Выбрать главу

Что же случилось?

Звуки пробудили соответствующие им чувства, неясные, неопределенные настроения, которые были спутниками чего-нибудь пережитого в свое время, но не дошли до сознания, теперь же впервые вступили в действие.

Только этим путем достигаем мы отдаленнейших областей духовного бытия и покрыли его как бы тонкой корочкой.

Именно в звуках находим мы исход и выражение этой области заглохших чувств, всему, что старается выбиться из недр непознаваемого, всему, что из мрака и глубины стремится к солнцу, всему невыразимому, расплывчатому, тревожному и ликующему, чему мы сами не находим почвы, для чего нет слов на языке человеческом, по отношению к чему самые остроумные объяснения являются не более, как ловкой подтасовкой.

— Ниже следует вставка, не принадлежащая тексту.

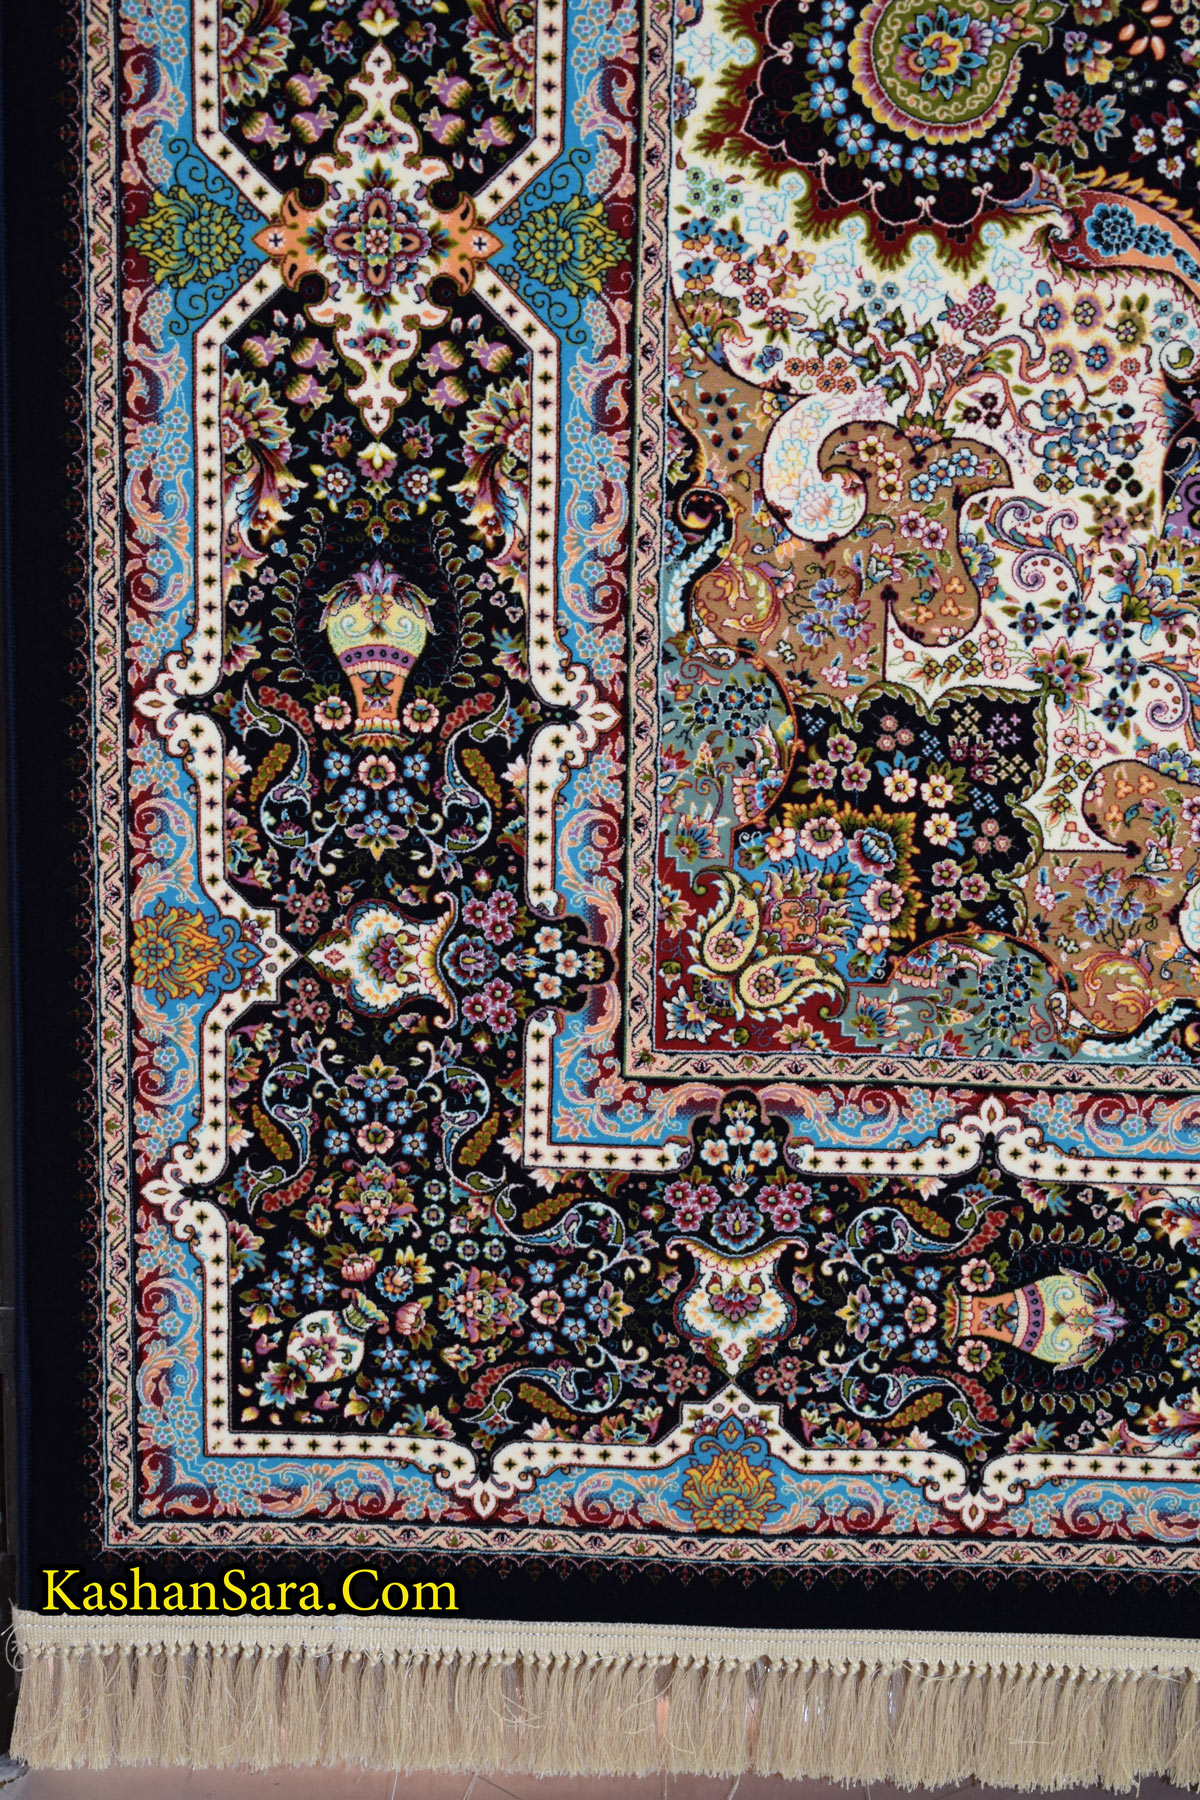 قیمت فرش ماشینی کاشان طرح خاتون ۱۲۰۰ شانه

И как музыка, в качестве настроения, которое одна только она может выразить в самой его сущности, умолкает там, где начинается изучение, подобно тому как оба они работают рука об руку и как звук возникает из глубины того же зародыша, из которого медленно вырабатывается слово, не подозревая того, преследует ли оно ложь или истину, — так и Шопен, этот тончайший психолог неосознанного, нашел себе воплощенное пополнение, столь же ему родственное, столь же тесно с ним сросшееся и связанное тысячью общих нитей, как звук и слово.

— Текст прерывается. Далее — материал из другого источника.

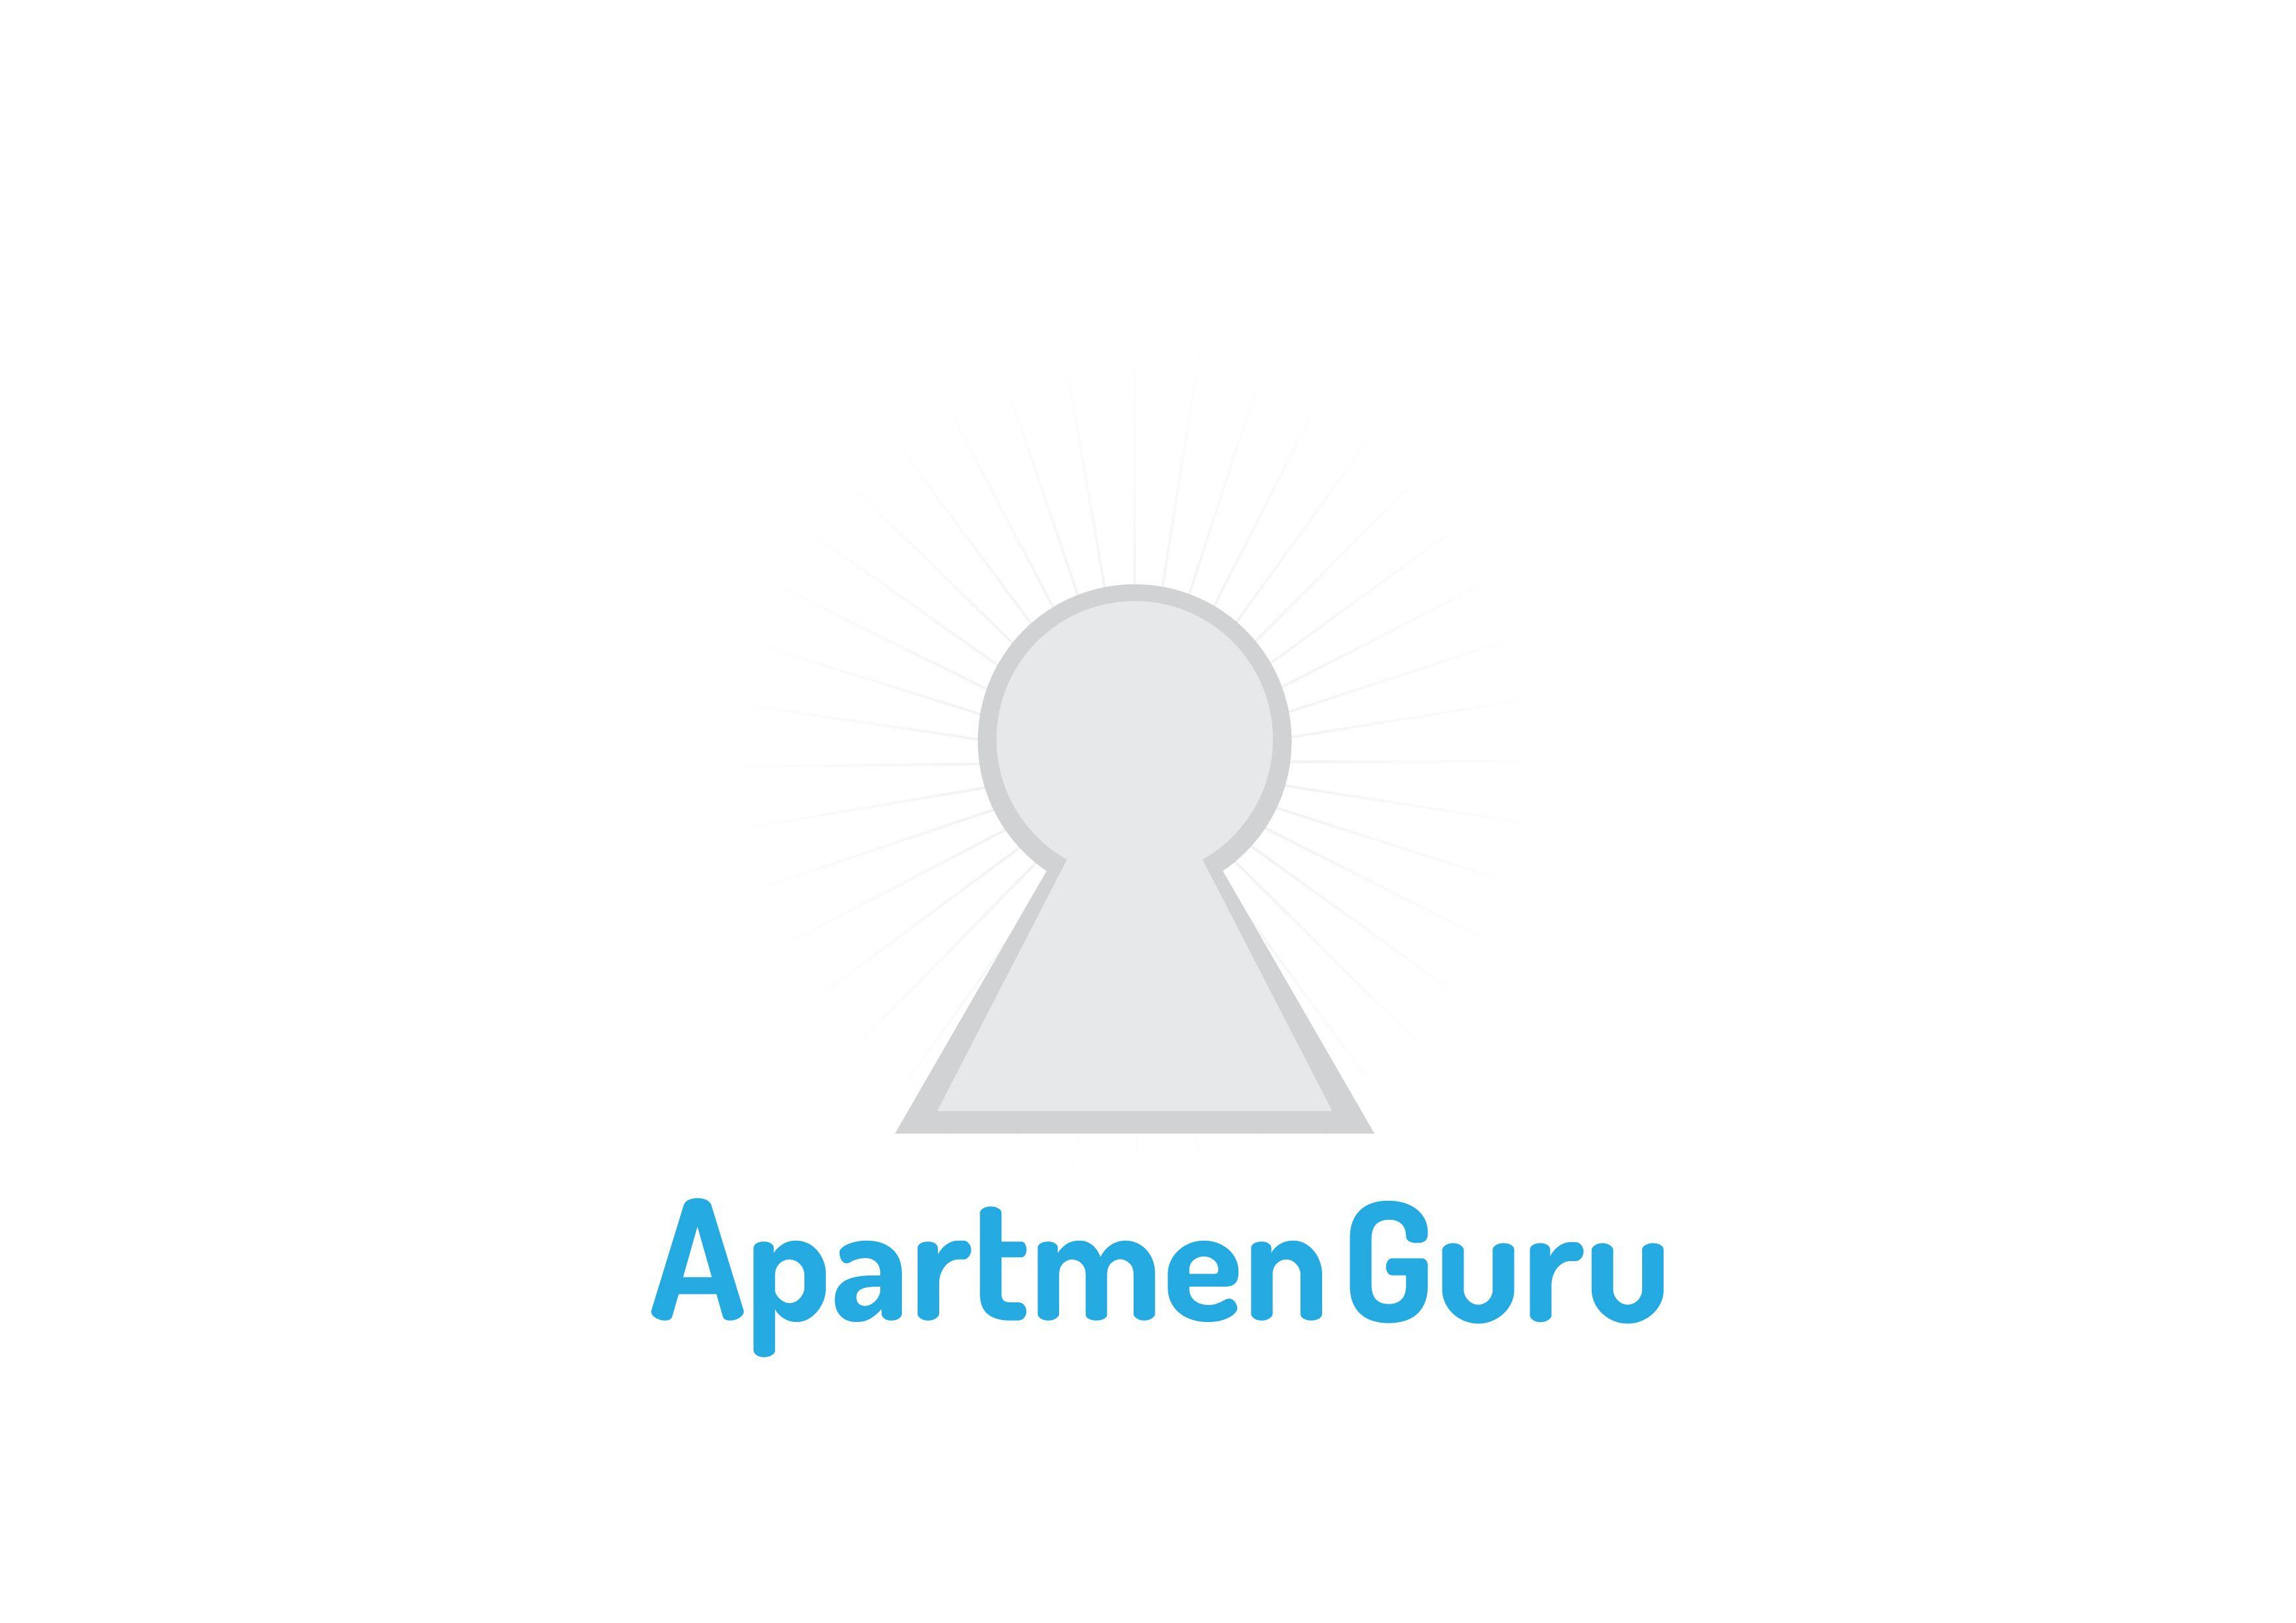 Дизайн логотипа сайта apartment guru - дизайнер MRserjo

Этим воплощенным пополнением Шопена, формой дальнейшего развития его духа на той же почве и при тех же условиях культуры, быть может, его обратной стороной и является Фридрих Ницше.

V

Между Шопеном и Ницше существует нечто вроде небесного сродства двух комет, которым еще на «утренней заре» предначертано было скрестить свои пути там, в бесконечности, потом стать снова чуждыми друг другу, а затем опять сблизиться в беспредельно далеком будущем.

Там, где кончает свою работу Шопен, выступает Ницше. Первый запечатлел нежнейшие движения своего внутреннего «я», тончайшими щупальцами своего слуха схватил он мимолетнейшие настроения и с наивной непринужденностью аристократически небрежного бесстрашия всего своего существа дал нам понятие о таинственной работе в глубочайших недрах души.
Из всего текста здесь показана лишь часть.